Working with Azure AD Administrative Units

Logical Division of Azure Active Directory Management

Since its launch in 1999, Active Directory has used Organizational Units (OUs) to logically partition the directory. Despite discussions going back as far as 2014, the ability to partition Azure Active Directory in the same or an equivalent manner wasn’t available. Administrative Units (AUs), launched in public preview in April 2020 and now generally available, together with scoped delegation of administrative roles, allows Microsoft 365 tenants to logically divide the management of Azure AD much like they might have done for Active Directory on-premises.

Microsoft defines an administrative unit as a container for other Azure AD resources. Currently, those resources are limited to user accounts and groups. The basic idea is that you create a set of AUs to match the administrative structure of the organization, and then delegate roles to allow people to manage the objects in the AUs.
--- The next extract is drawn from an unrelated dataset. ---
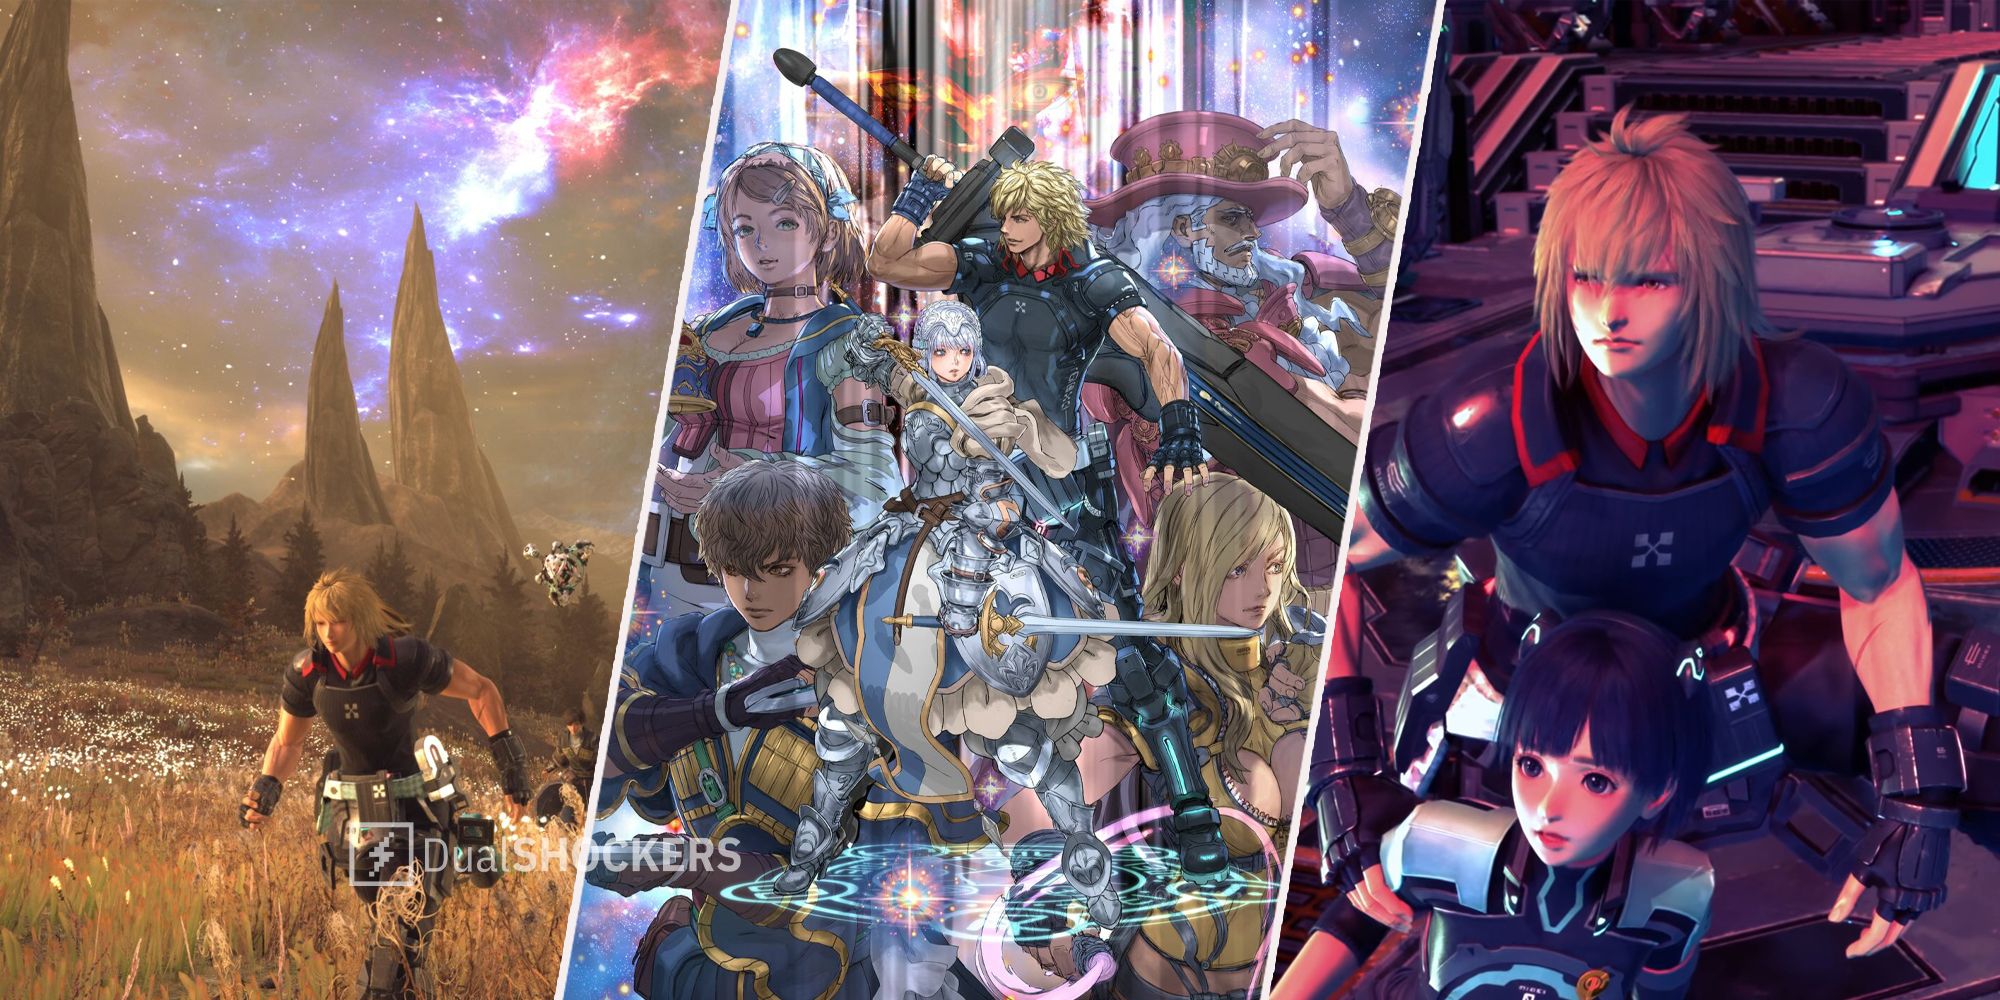 How Long Does It Take To Beat Star Ocean: The Divine Force?

Delegation of permissions for AUs isn’t necessary to run a well-managed Azure AD, but it’s where a lot of goodness exists because it stops having to grant accounts permissions to manage every object in Azure AD. It’s certainly understandable that the global administrator for a tenant should have the right to manage everything, but less so for someone working on a help desk who supports a limited set of people. Some organizations might use geographic regions as the basis for AUs; some might use business units. The same concept applies: each AU holds a set of objects that can be managed by people granted permissions to do so. Administrative units are an Azure AD Premium feature, so you need to assign an Azure AD Premium license to each account used to manage AUs.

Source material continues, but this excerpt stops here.